Relatively all have the path of cut point, the comprehensive probability that the cutting mode from lead-in to present index location may take place in present index location in action (202).The algorithm of comprehensive probability multiplies each other for the appearance probability with all compression units that are connected.Relatively, stay the probability maximum path takes place, delete all the other paths.It must be the path that the probability maximum takes place that this comparison makes last result.Action (202) need check whether index has pointed to this Chinese fragment tail end after finishing.In this way, then finish cutting to this Chinese fragment; As not, then down carry out action (203).

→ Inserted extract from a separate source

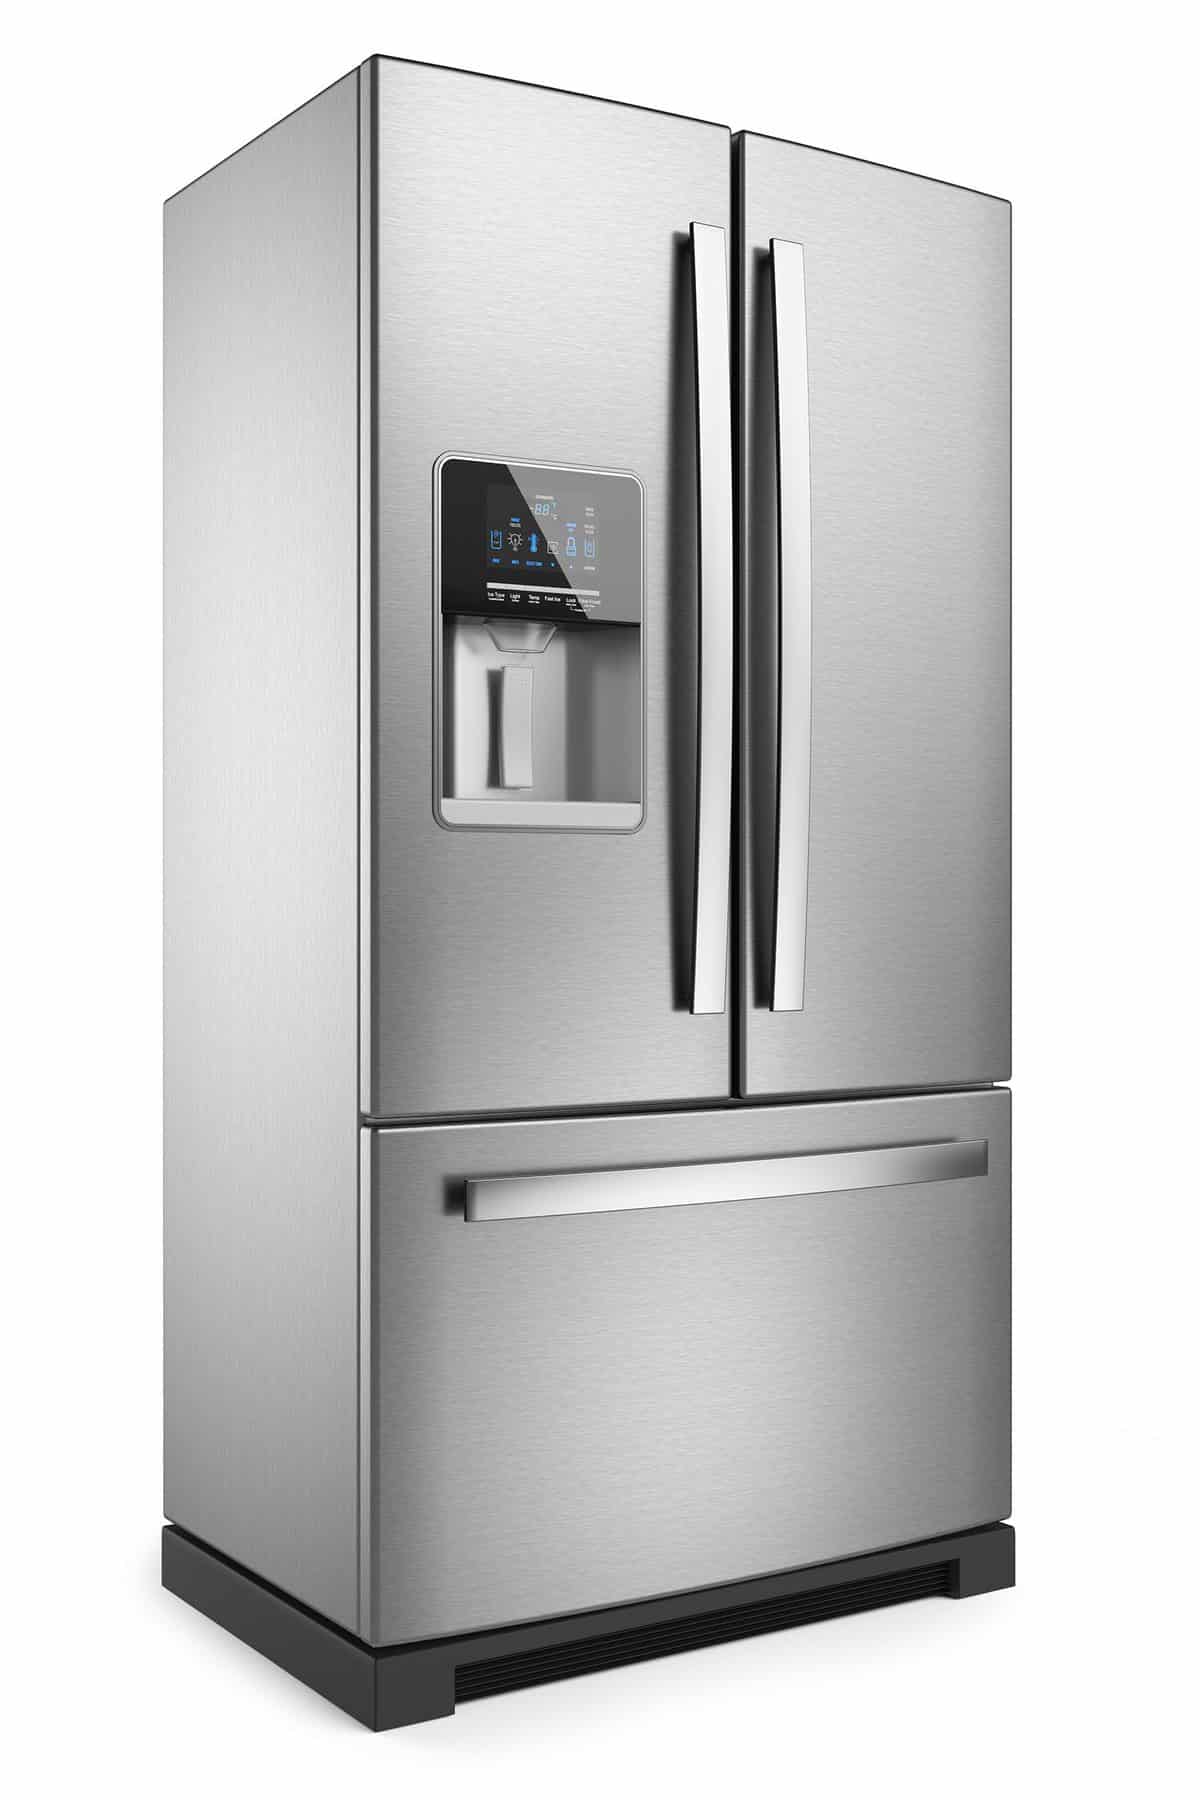 Silver home fridge isolated on white background

Action (203) is at first moved a position forward with index, points to literal in the next one.Then all cut points are done following action with the path that index location is identical at present: whether inspection lists among the coding dictionary (101) with composition different length word string headed by the word of present index location, then each is sought coding unit, form one or several new routes after being connected on original route, and be labeled as cut point at each new route tail end.List in the dictionary if all word strings are neither.Then delete this path, because this kind patterning method generation probability is zero.After action (202) finishes, carry out flow process rebound checkpoint (204), carry out above-mentioned exercises then repeatedly and finish up to sentence.At last, the cutting result with gained is indicated in the file shelves, is stored in the container, finishes cutting process.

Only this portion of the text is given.